Return the data that follows exactly as it appears. Pictures do not belong in the copy.

• Data extract:
——
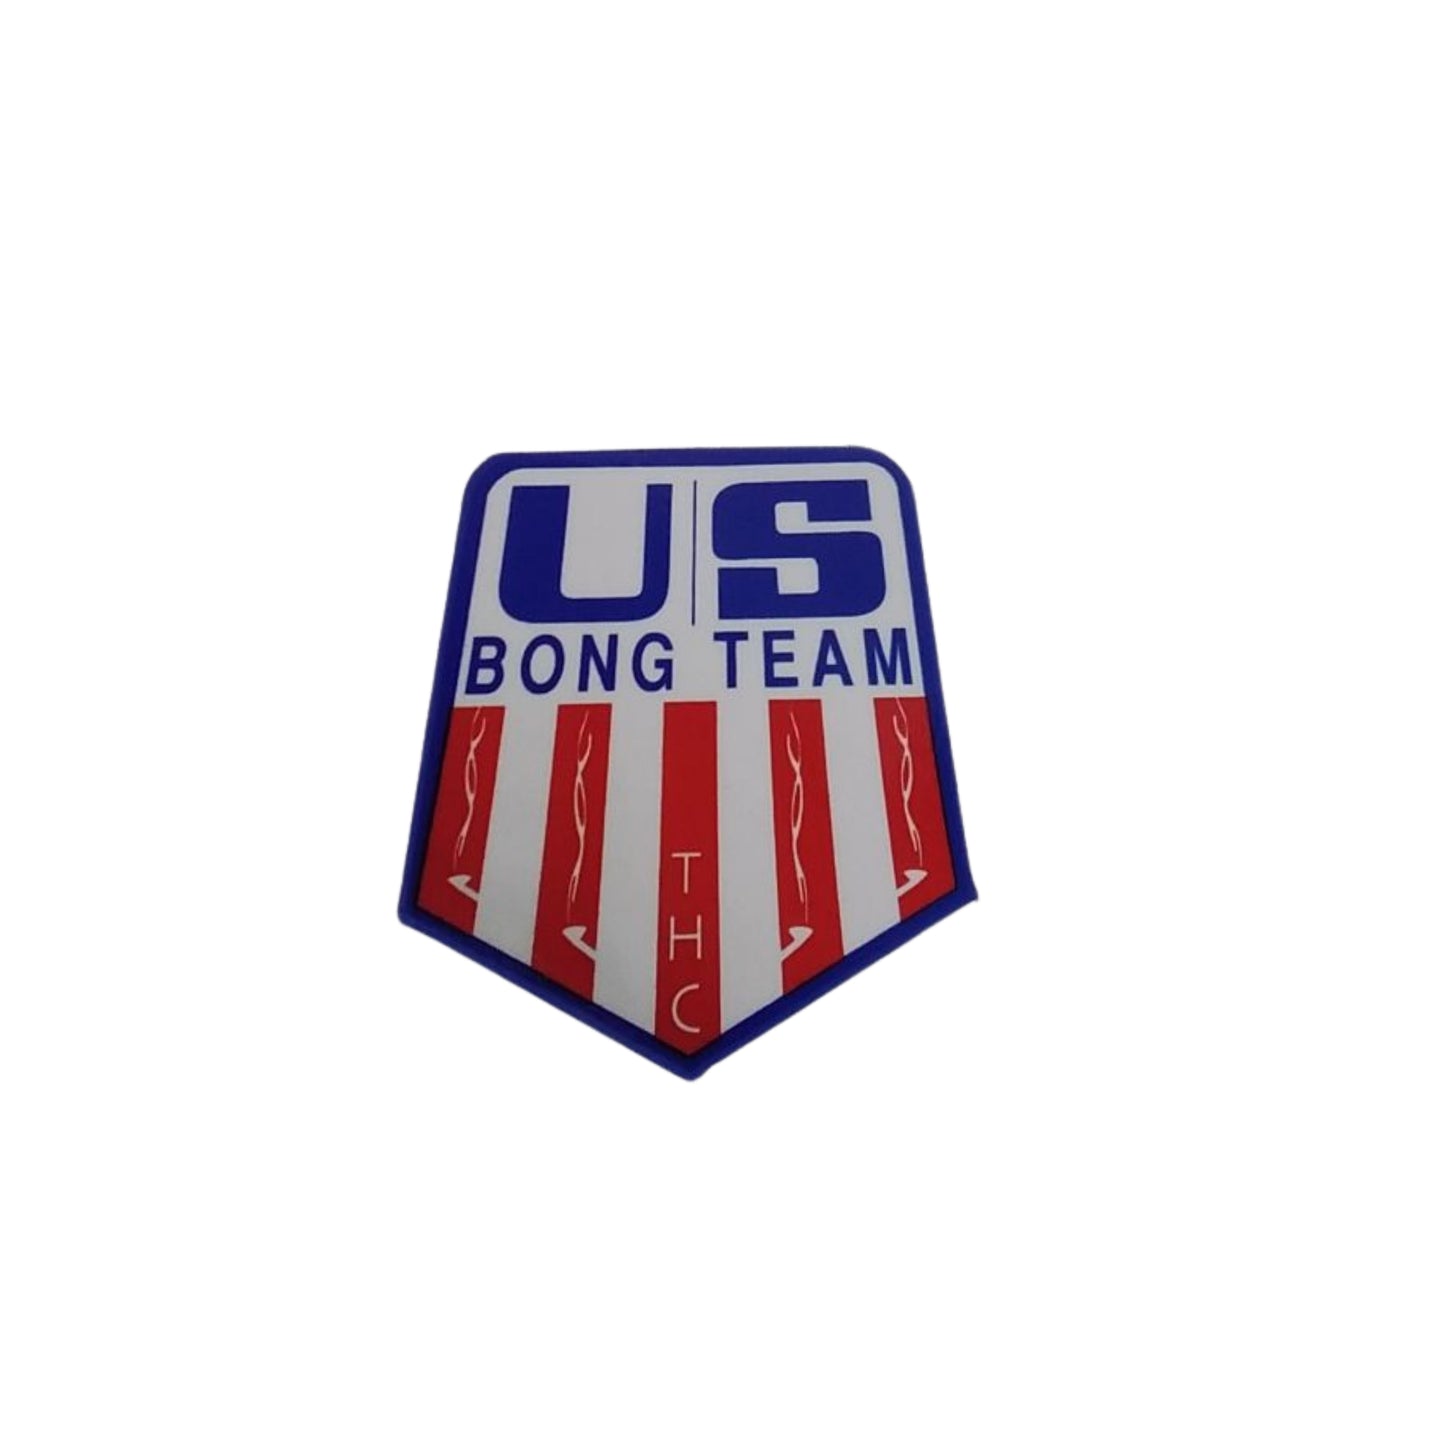 US Bong Team, Red White and Blue - Sticker
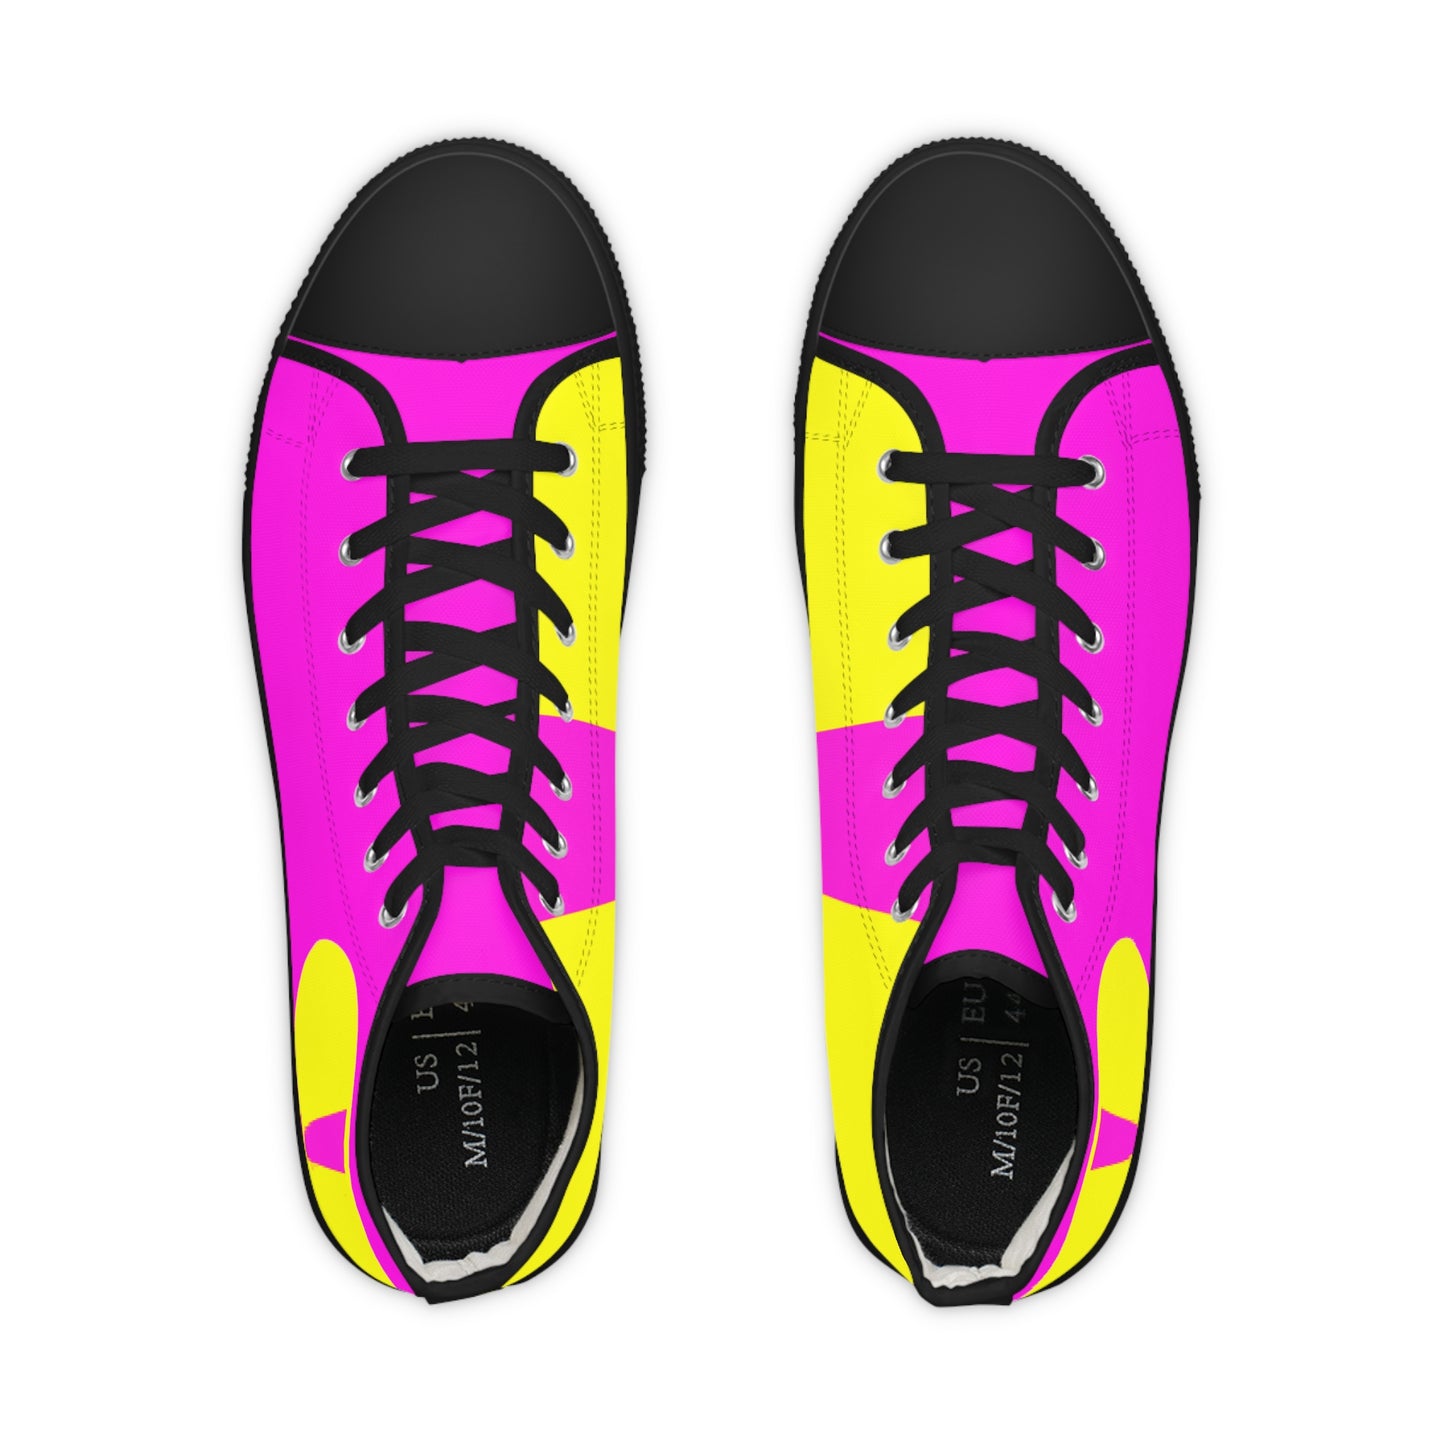 Limited Edition High Top Sneakers - !
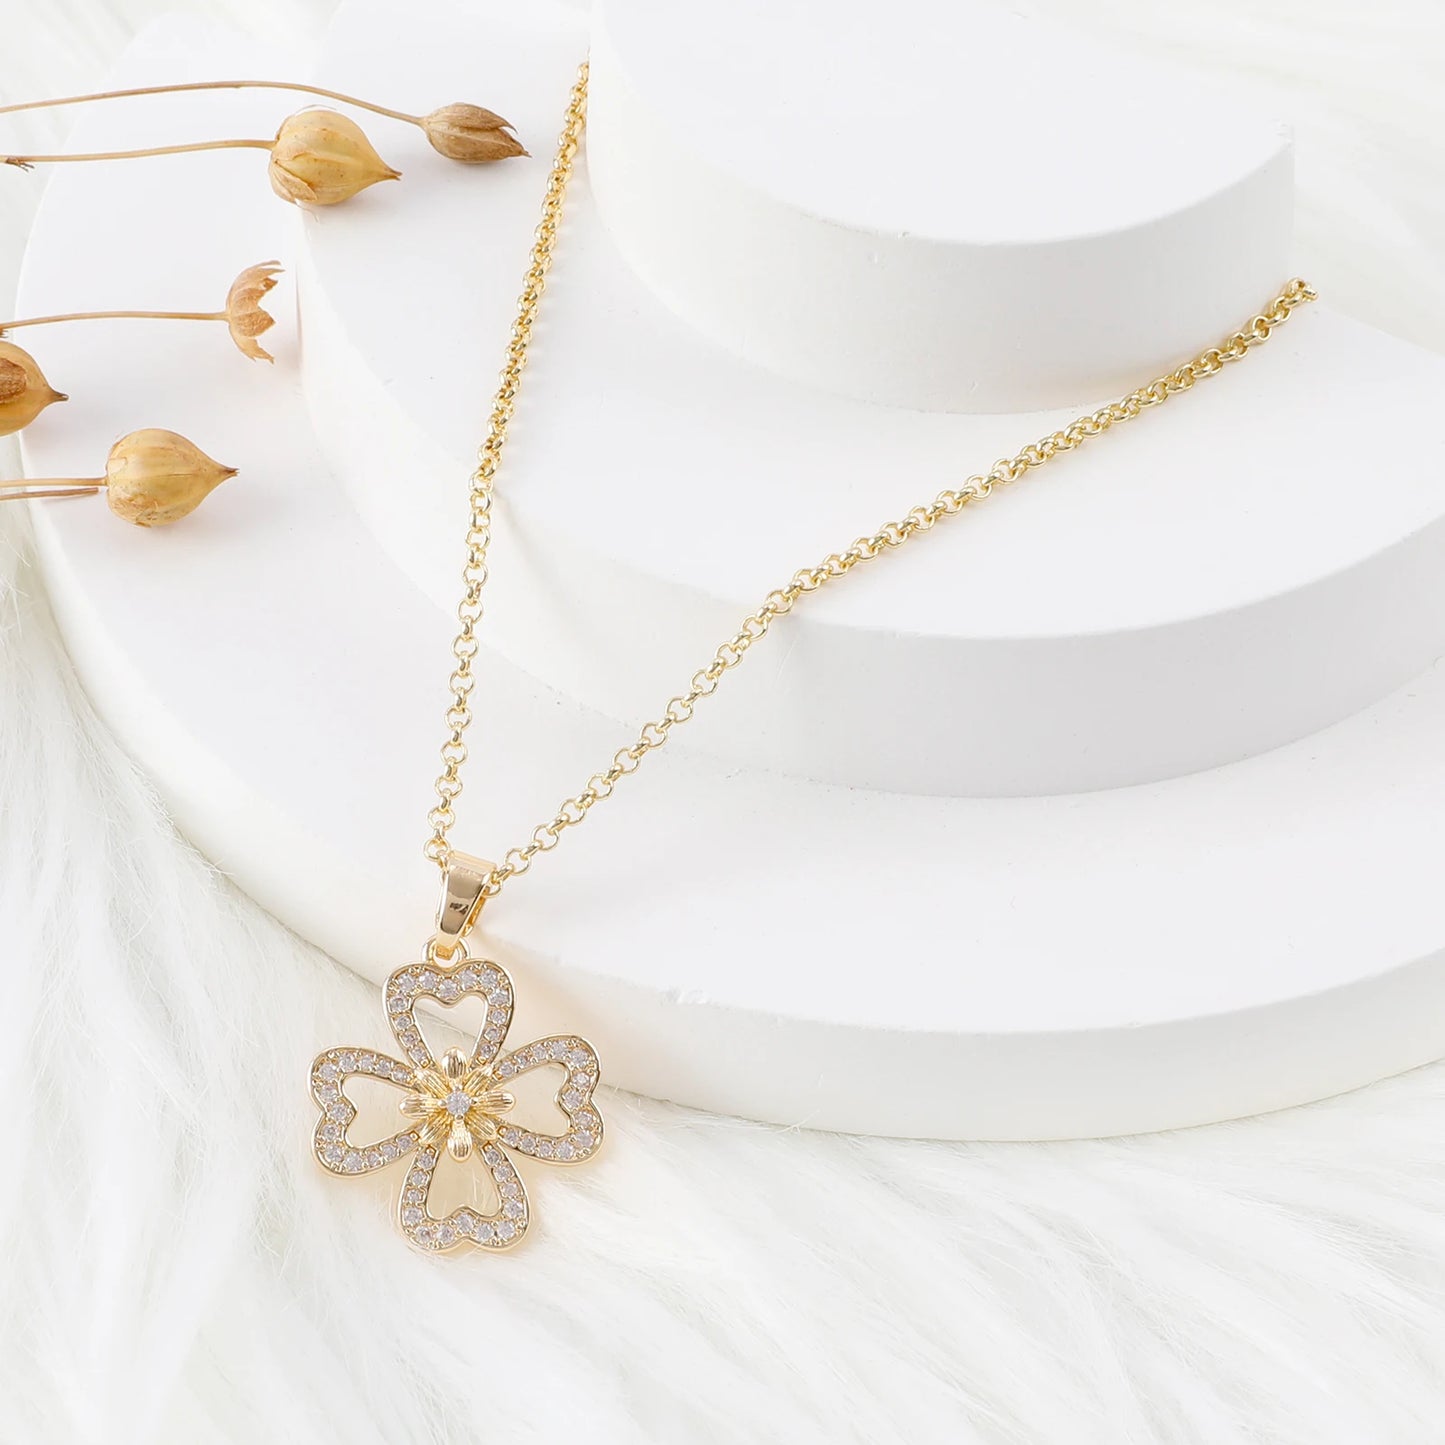 Lucky Four Leaf Clover Pendant Necklace - Luxury Fashion Jewelry for Women and Girls - The Clover Collection by IceBox DC
——
• Your response:
 US Bong Team, Red White and Blue - Sticker
 Limited Edition High Top Sneakers - !
 Lucky Four Leaf Clover Pendant Necklace - Luxury Fashion Jewelry for Women and Girls - The Clover Collection by IceBox DC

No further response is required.